A question that most of us might have asked ourselves or others at some time or the other. And, the answers to the question might have oscillated between the grotesque to the convenient. The following is an excerpt from a talk that was given by J. Krishnamurti.
“This question interests all of us, the young and the old, does it not? So, I am going into it rather deeply and I hope you will be good enough to follow not just the words, but the actual experience of what I am going to discuss with you. We all know that death exists, especially the older people, as also the young who observe it. The young say, ‘wait until it comes, and we’ll deal with it’; and as the old are already near death, they have recourse to various forms of consolation. Please follow and apply this to yourselves; do not put it off on somebody else. Because, you know you are going to die, and you have theories around it, don’t you?”
“You believe in God, you believe in Resurrection, or in Karma or Reincarnation; you say that you will be born in here or in another world. Or, you rationalise death, saying that death is inevitable, it happens to everybody; the tree withers away, nourishing the soil and a new tree comes up. Or else, you are too occupied with your daily worries, anxieties, jealousies, envies, with your competition and your wealth, to think about death at all.

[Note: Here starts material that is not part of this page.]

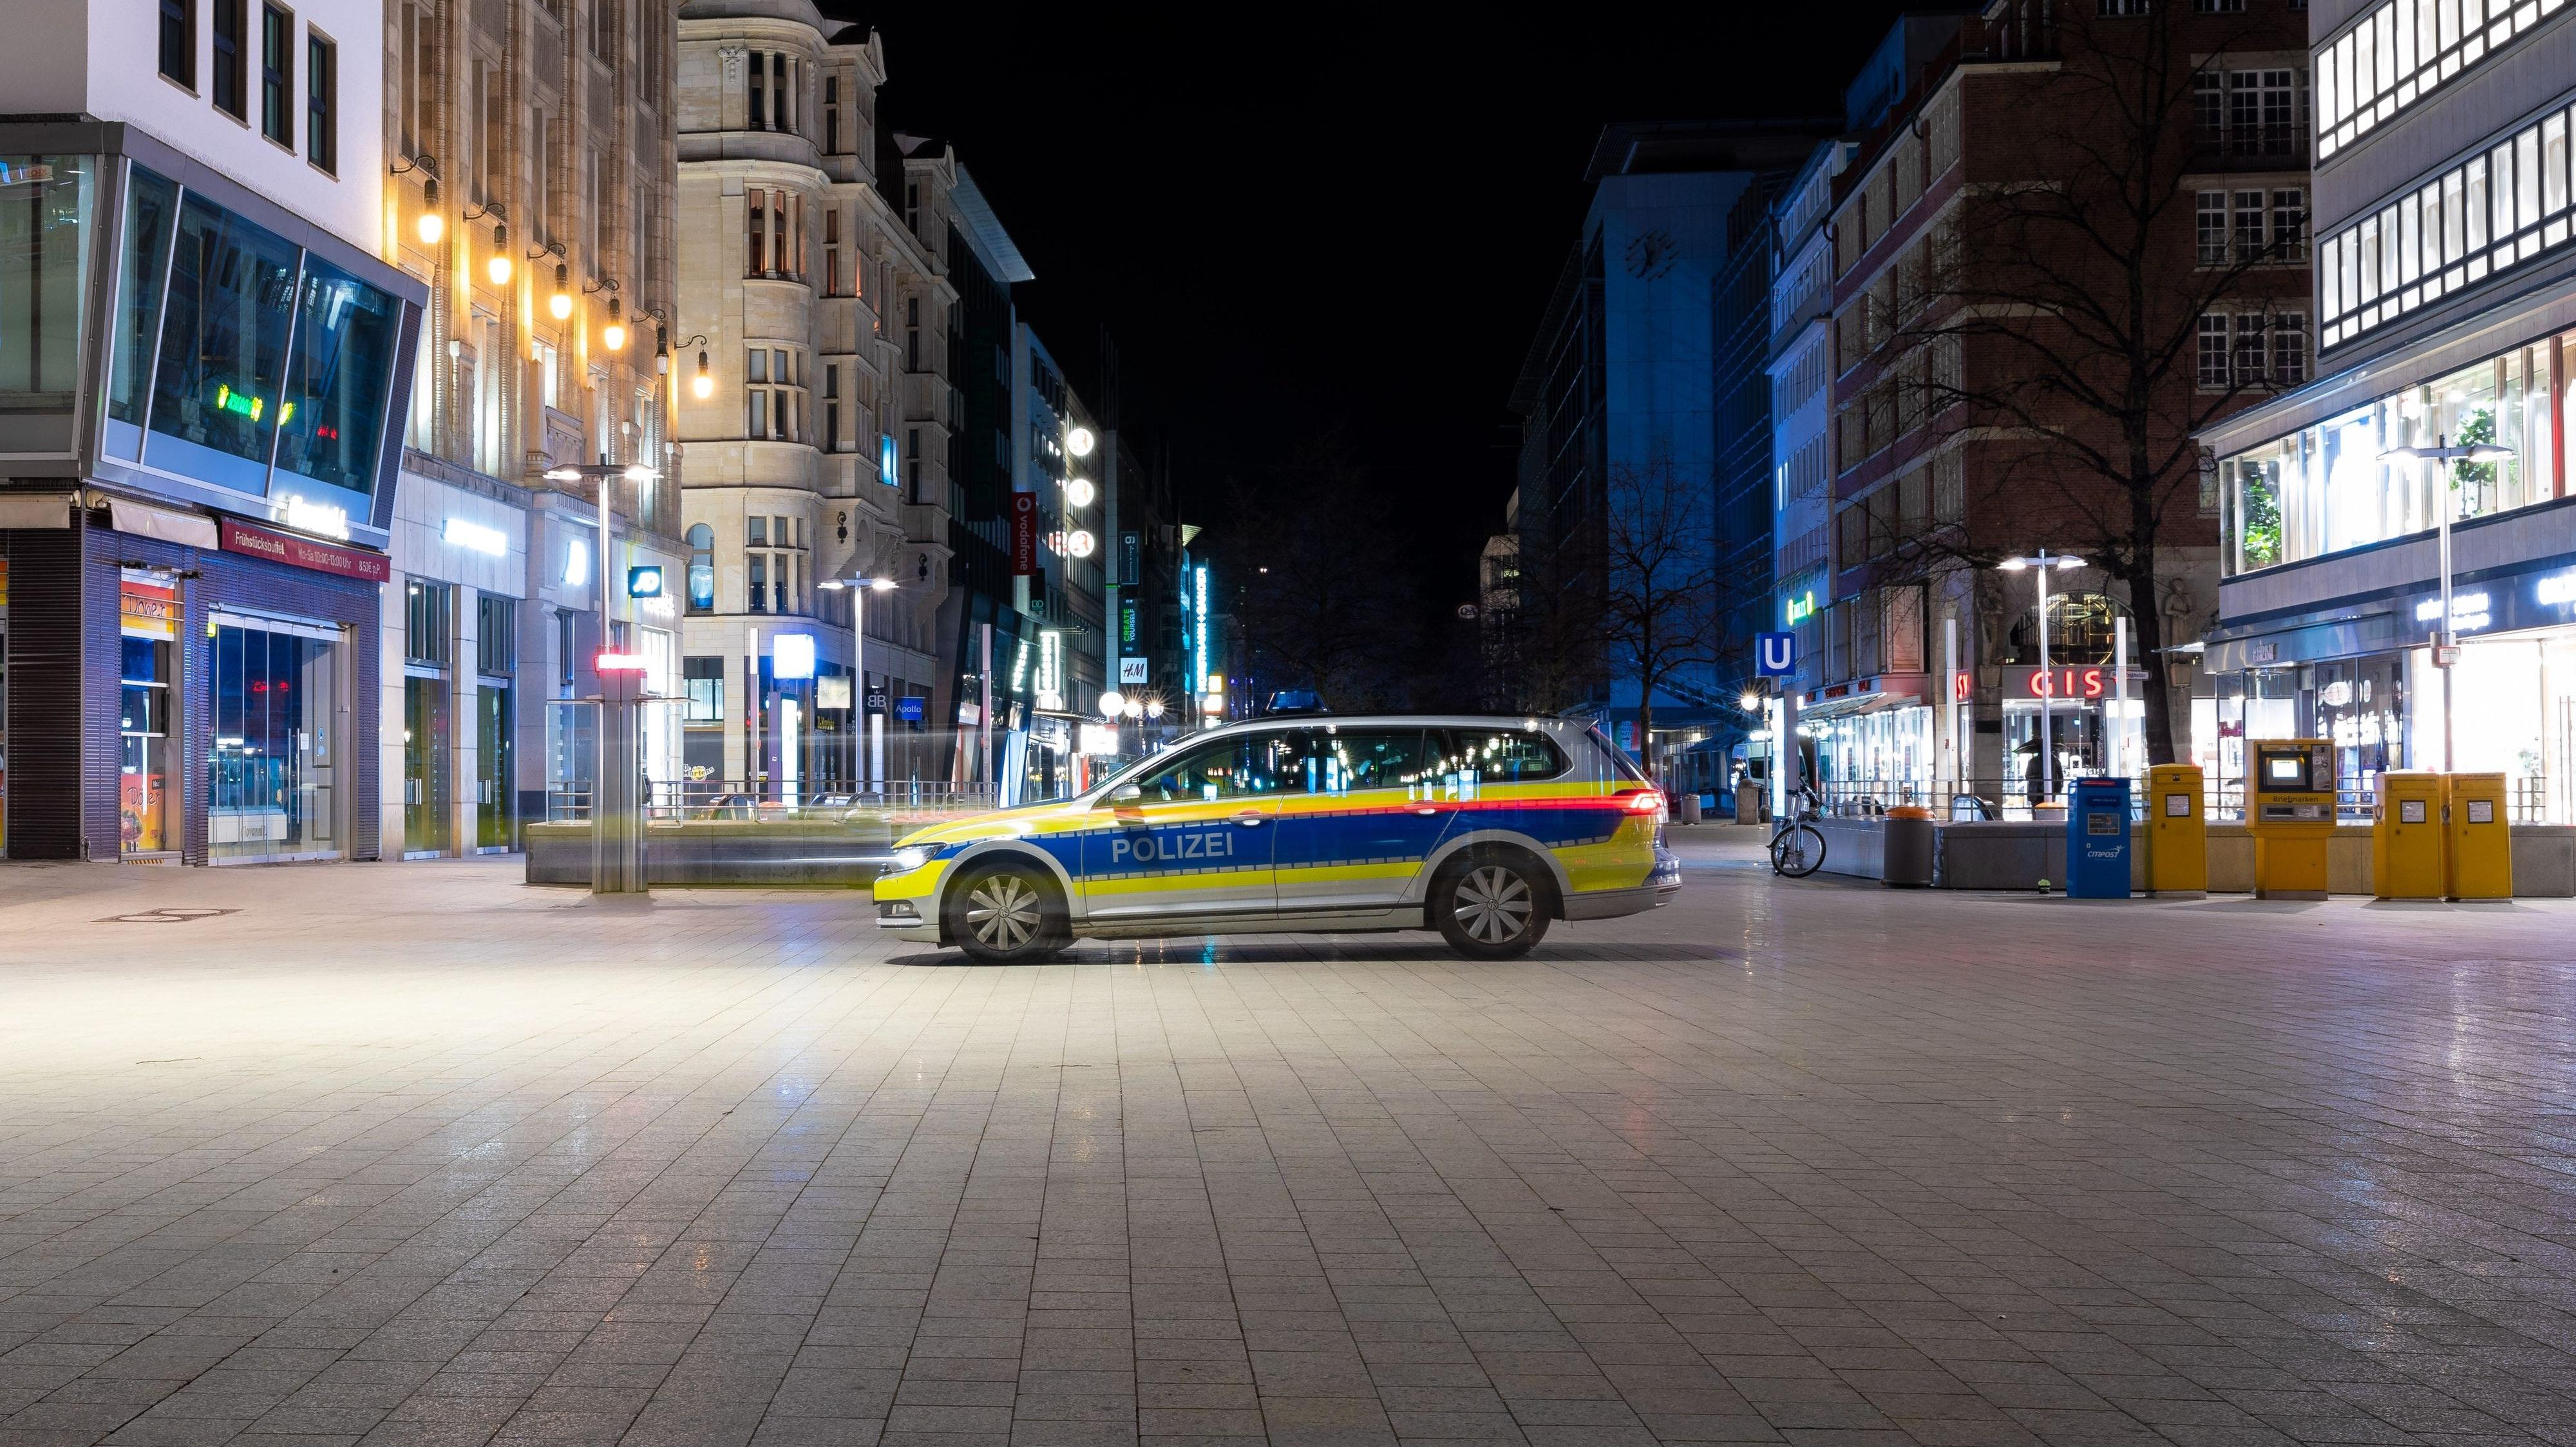 Ein Polizeifahrzeug steht in der Innenstadt von Hannover und überwacht die Einhaltung der Ausgangssperre. Foto: dpa / Frankenberg
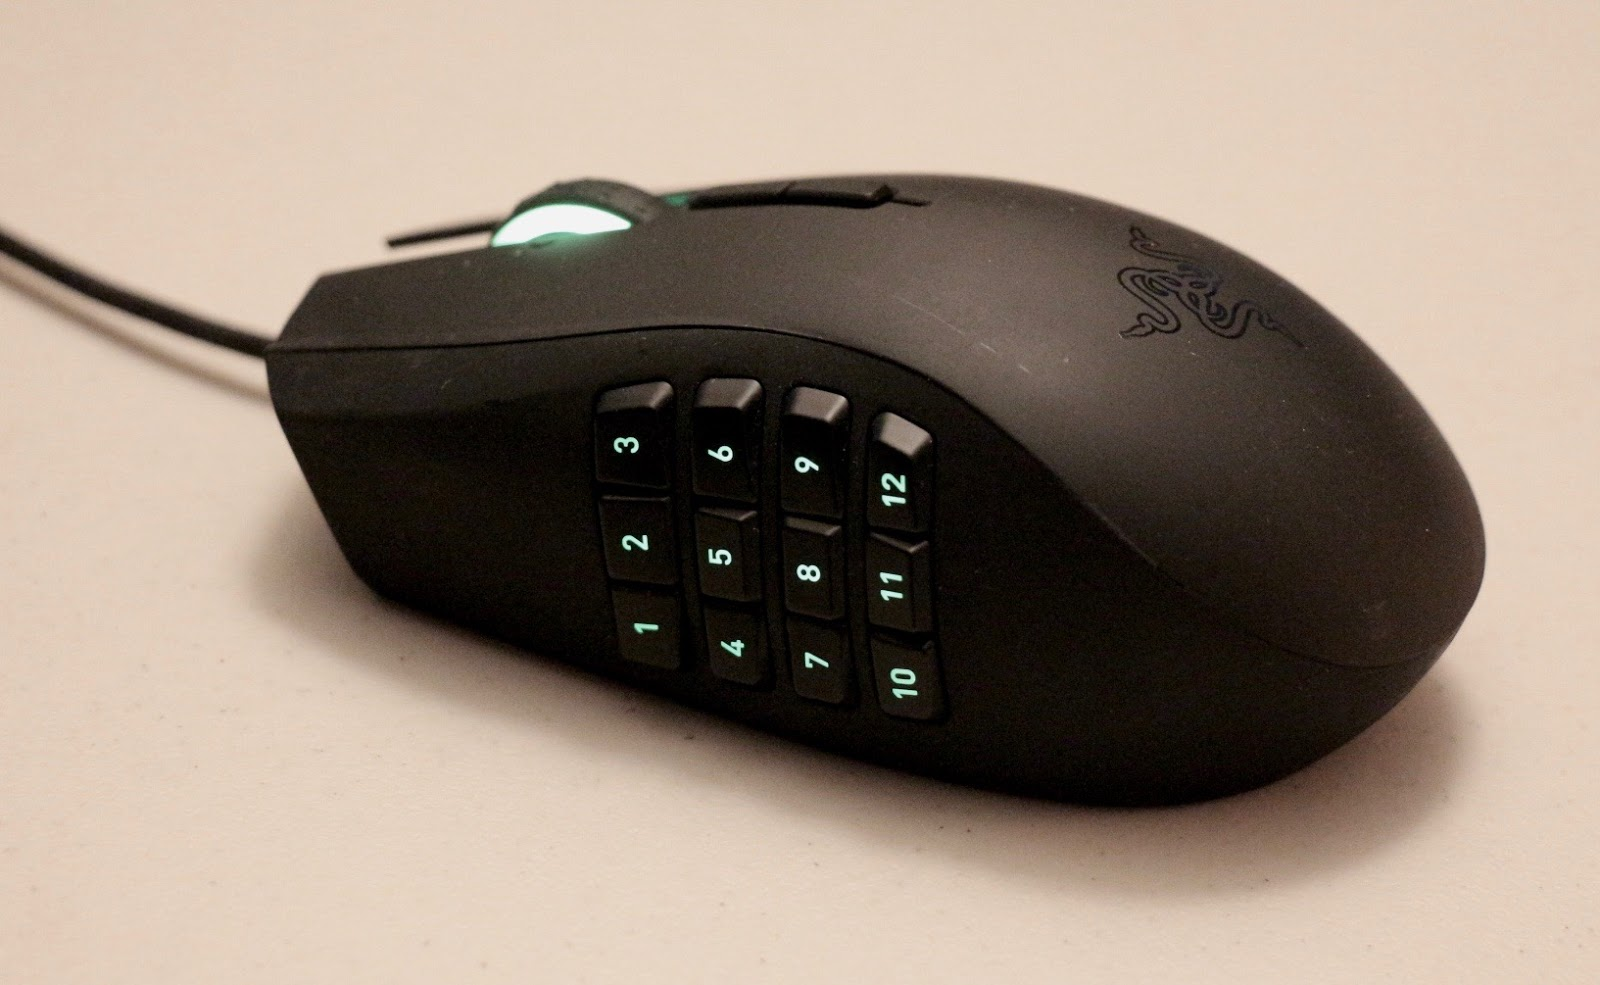 Razer Mamba Te Vs Naga Epic Chroma Mouse Wired Wireless Mmo Gaming Nage

But, it is in your mind, consciously or unconsciously, it is there. First of all, can you be free of the beliefs, the rationalities, or the indifference that you have cultivated towards death? Can you be free of all that now?”
“Because, what is important is to enter the house of death while living, while fully conscious, active, in health, and not waiting for the coming of death, which may carry you off instantaneously through an accident, or through a disease that slowly makes you unconscious.“
“When death comes, it must be an extraordinary moment which is as vital as living. Now, can I, can you, enter the house of death while living? That is the problem – not whether there is reincarnation, or whether there is another world where you will be reborn, which is all so immature, so infantile. A person who lives never asks, “What is Living?” and has no theories about living. It is only the half-alive that talk about the purpose of life. So, can you and I, while living, conscious, active, with all our capacities, whatever they be, know what death is?”
“And is death then different from living? For most of us, life is a continuation of that what we think is permanent. Our name, our family, our property, the things in which we have a vested interest economically and spiritually, the virtues that we have cultivated, and the things that we have acquired emotionally – all of that we want to continue. And, the moment that we call death is a moment of the unknown; therefore we are frightened, so we try to find a consolation, some kind of comfort; we want to know if there is life after death, and a dozen other things. Those are all irrelevant problems; they are problems for the lazy, for those who do not want to find out what death is while living. So, can you and I find out?”
“What is death? Surely, it is the complete cessation of everything that you have known. If it is not the cessation of everything you have known, it is not death. If you know death already, then you have nothing to be frightened of. But, do you know death? That is, can you while living put an end to this everlasting struggle to find in the impermanent, something that will continue? Can you know the unknowable, the state which we call death, while living? Can you put aside all the descriptions of what happens after death which you have read in books, or which your unconscious desire for comfort dictates, and taste or experience that state, which must be extraordinary, now?”
“If that state can be experienced now, then living and dying are the same. So, can I, who has vast education, knowledge, who has had innumerable experiences, struggles, loves, hates – can that ‘I’ come to an end? For, the ‘I’ is the recorded memory of all that and can that ‘I’ come to an end? Without being brought to an end by an accident, by a disease, can you and I, while sitting here, know that end? Then you will find that you will no longer ask foolish questions about death and continuity – whether there is a world hereafter. Then you will know the answer yourself because that which is unknowable will have come into being. Then, you will put aside the whole rigmarole of reincarnation, and the many fears – the fear of living and the fear of dying, the fear of growing old, and inflicting on others the trouble of looking after you, the fear of loneliness and dependency – will all have come to an end.”
“These are not vain words. It is only when the mind ceases to think in terms of its continuity that the unknowable comes into being.”
Quite simply, Krishnamurti says that by losing the I sense (ego), we start experiencing the non-duality of life and death – or our existence.